## TASK ITEM
With the pictures removed, reproduce exactly the lines from the one that contains "NFFC Junior Navy" through the last line of the entries below.

- - -

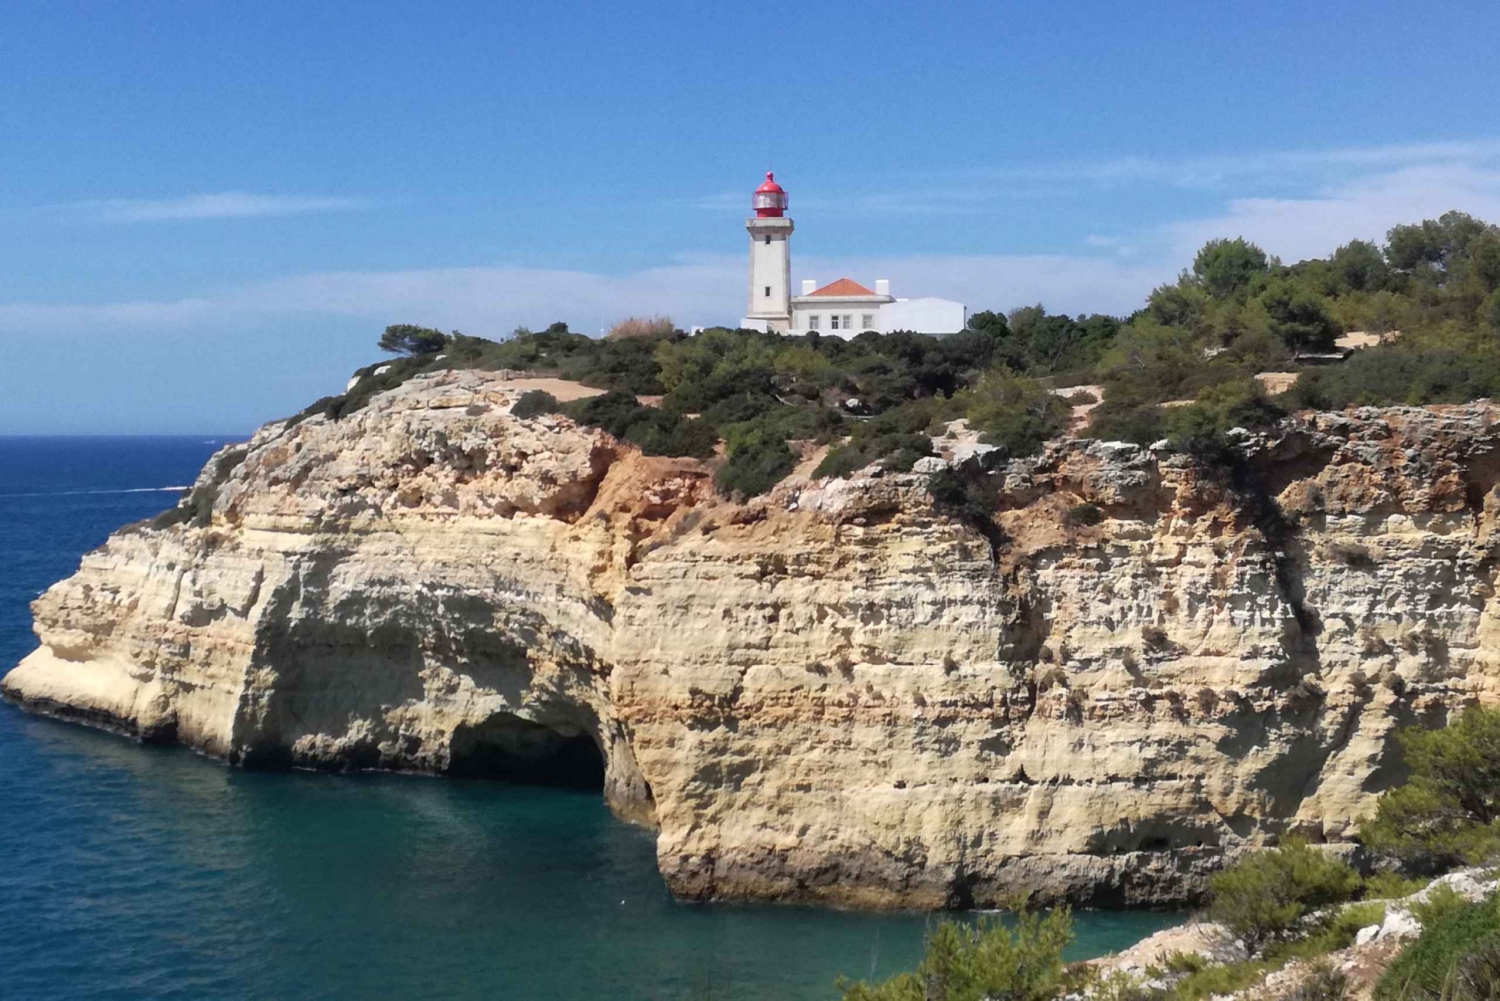 Algarve: Carvoerio and Benagil Walking Tour and Cruise
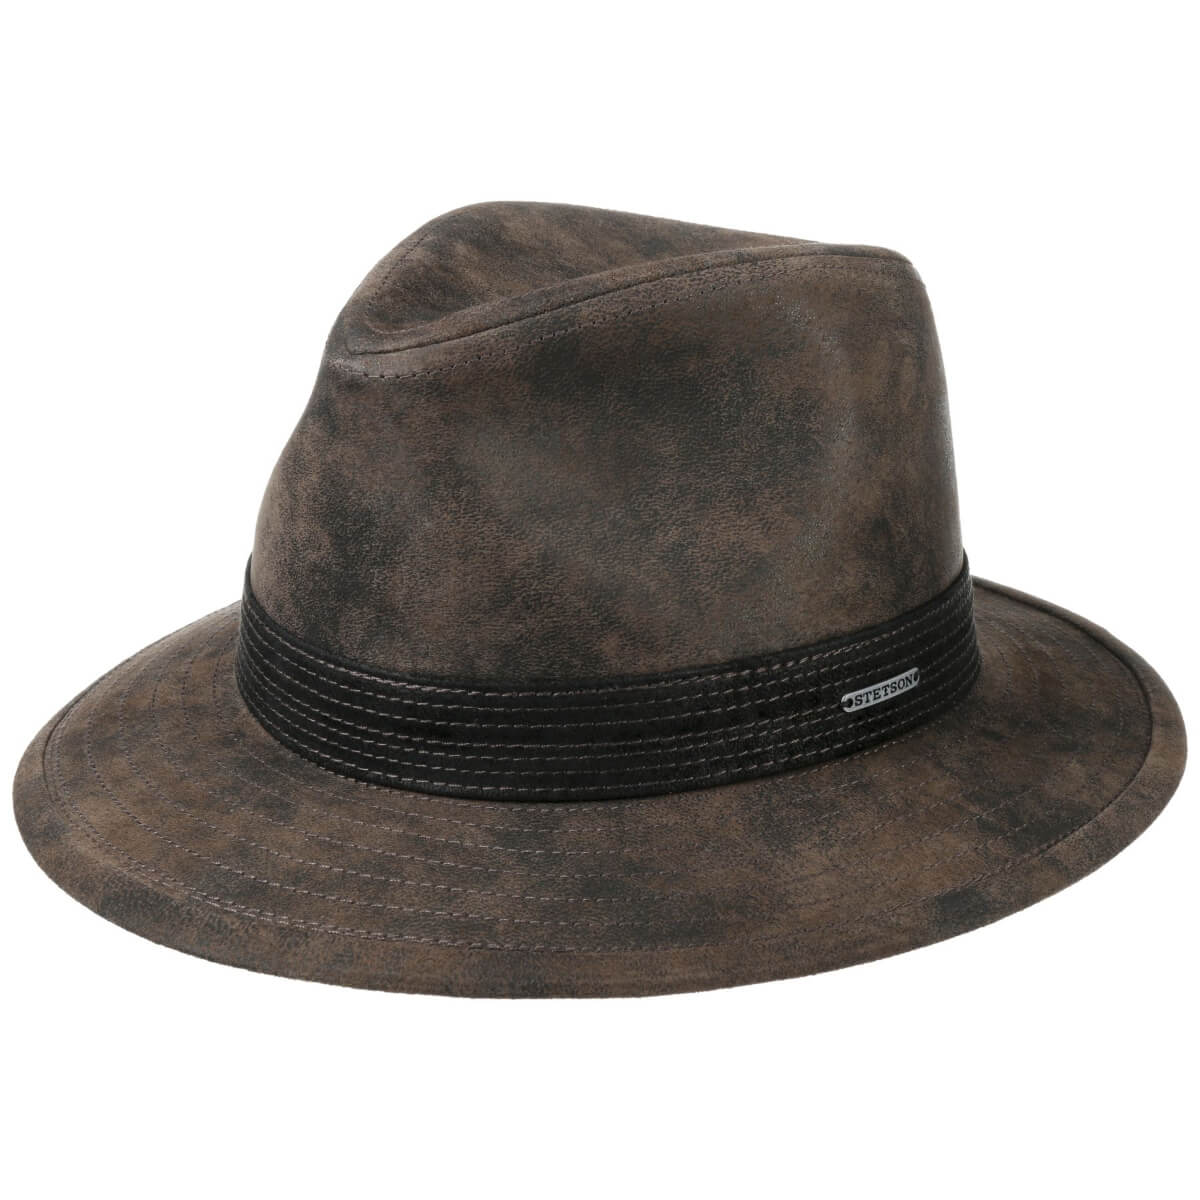 Stetson Jacky Pigskin Traveller Leather Hat Brown
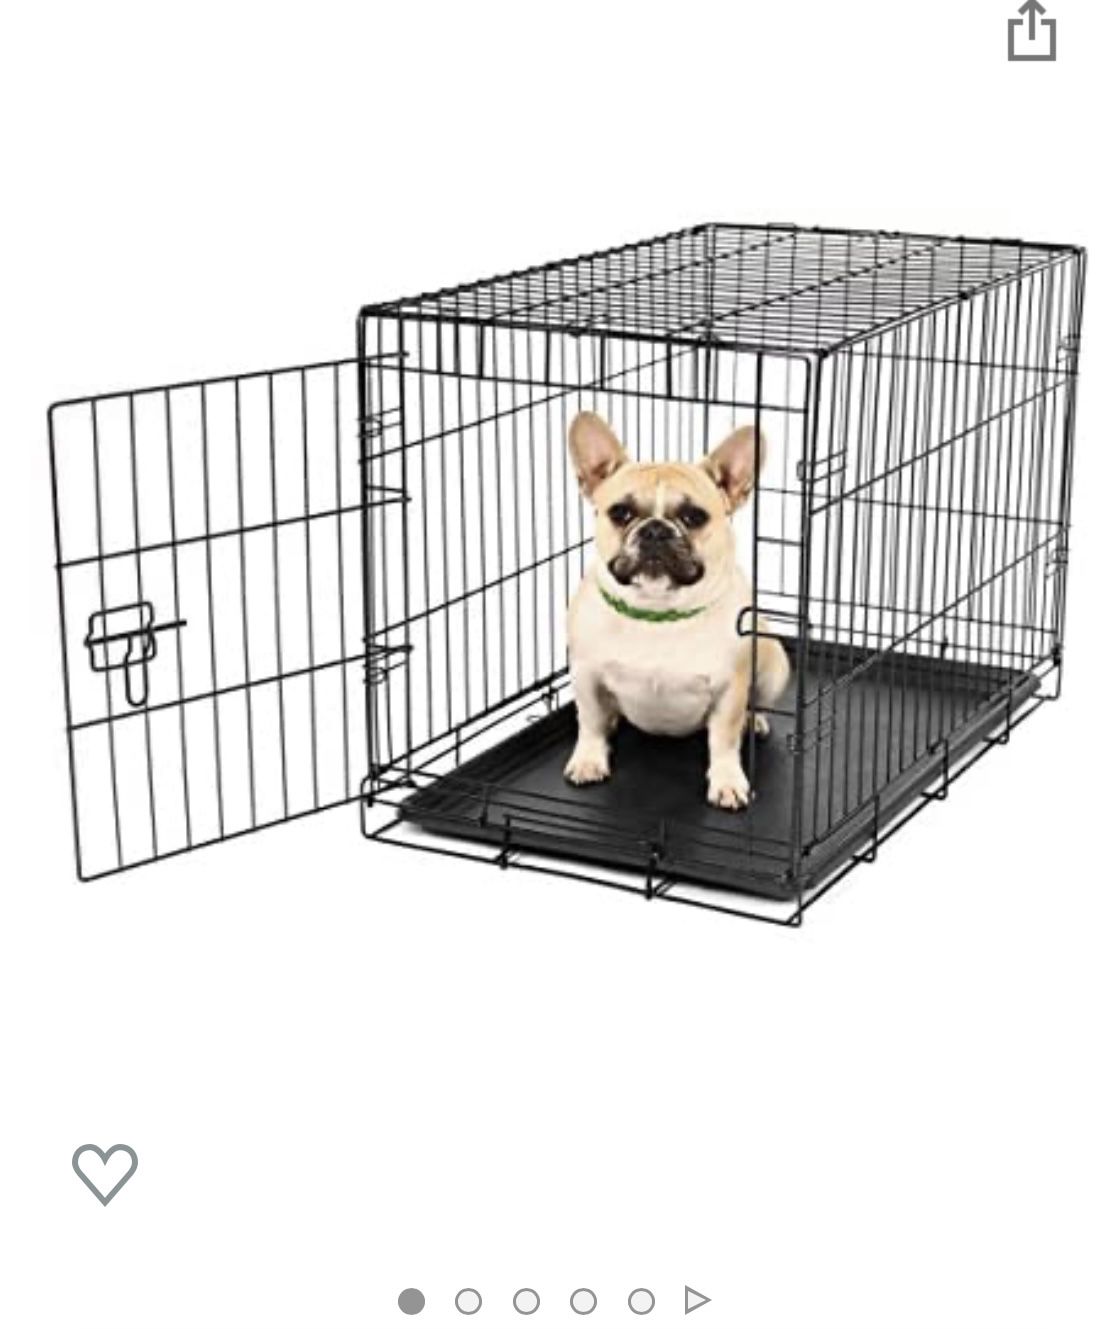 Dog Crate Cage - size medium adjustable
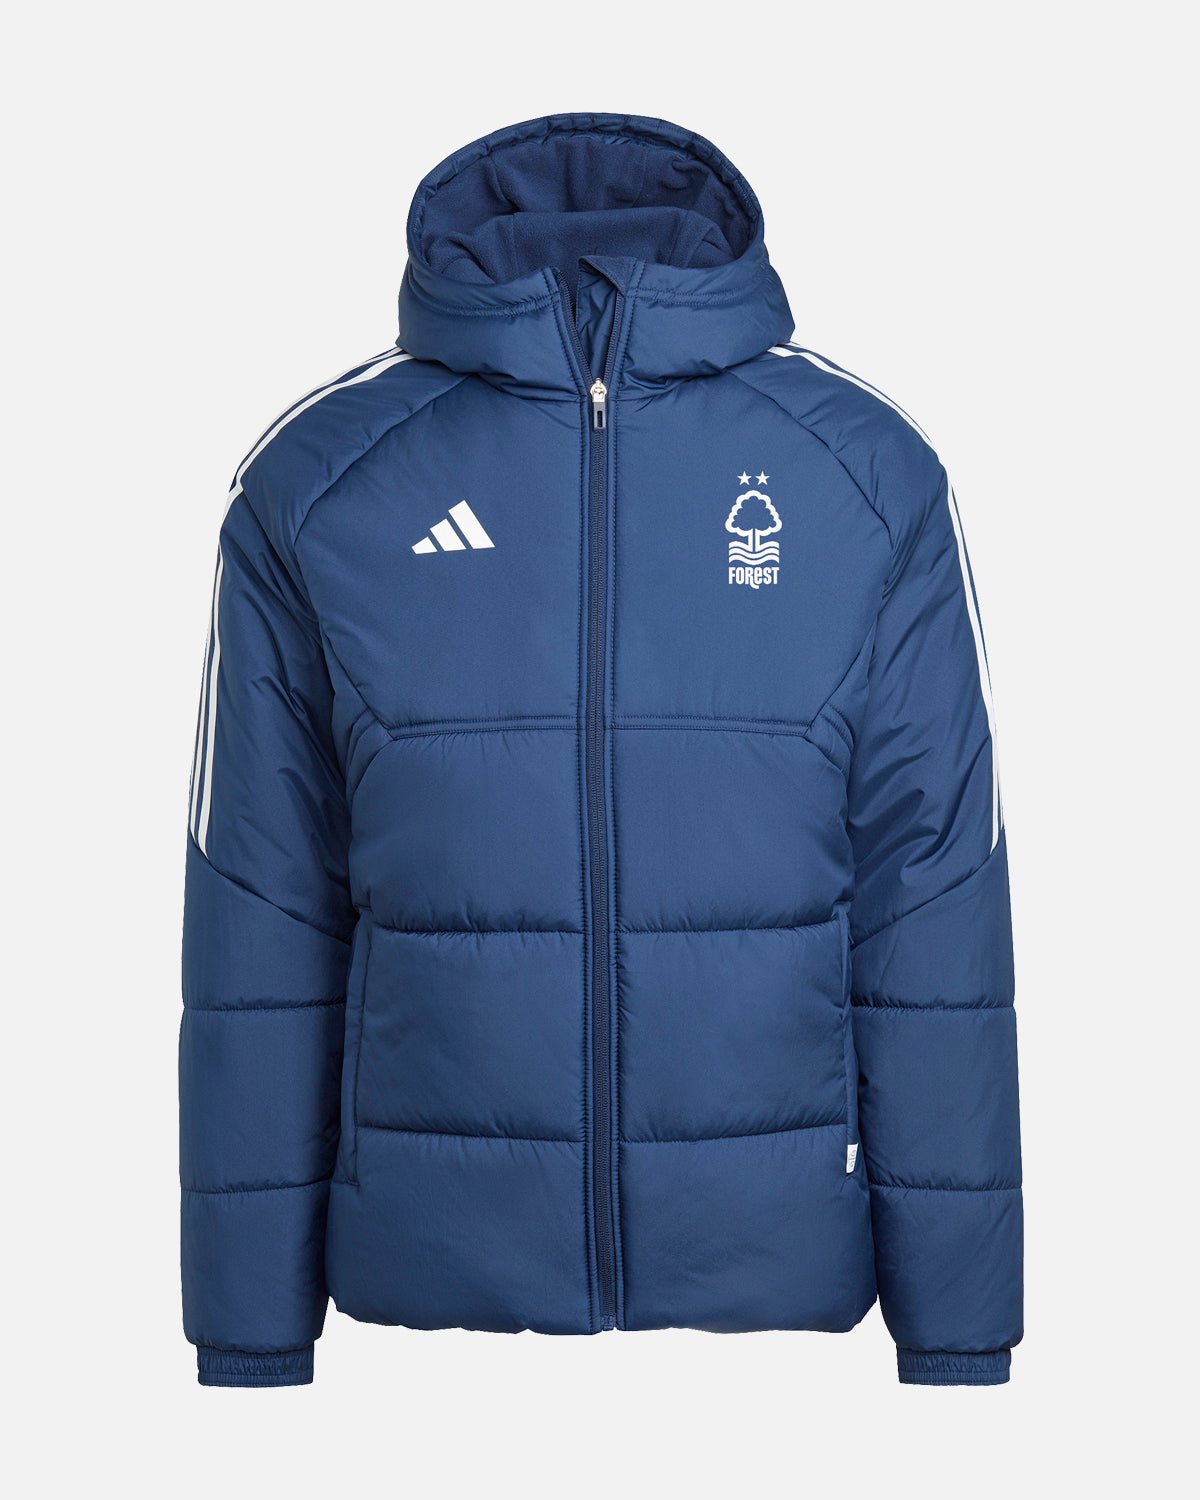 NFFC Junior Navy Winter Jacket 23-24 - Nottingham Forest FC
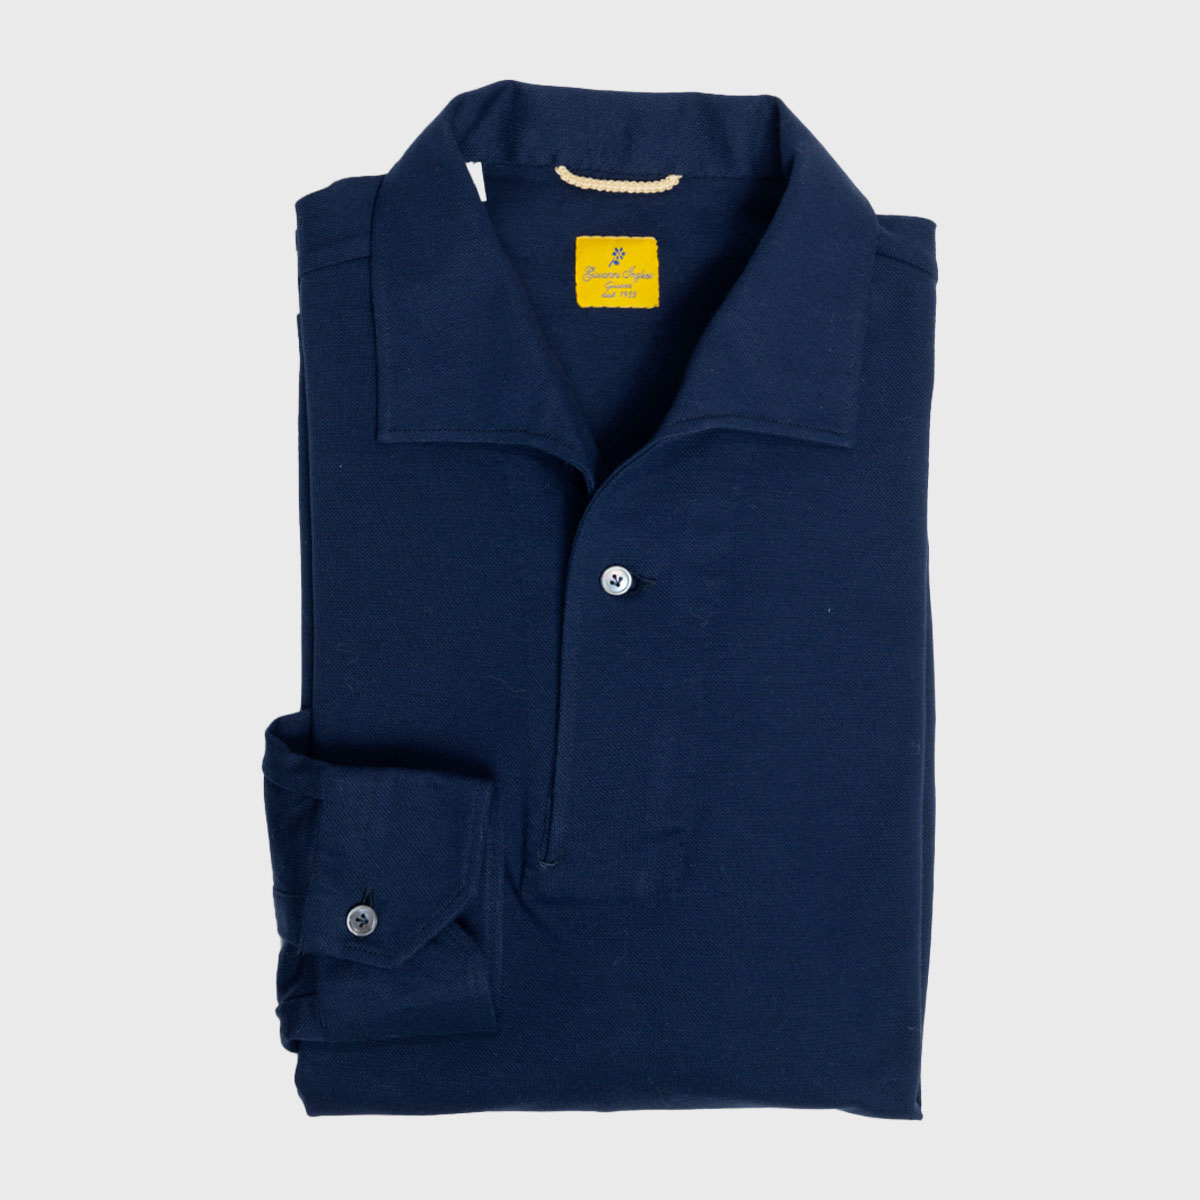 Miami Collar Piquet Polo Shirt in Navy Blue G. Inglese on sale 2022

- - -

## ANSWER BOX
 NFFC Junior Navy Winter Jacket 23-24 - Nottingham Forest FC
 Miami Collar Piquet Polo Shirt in Navy Blue G. Inglese on sale 2022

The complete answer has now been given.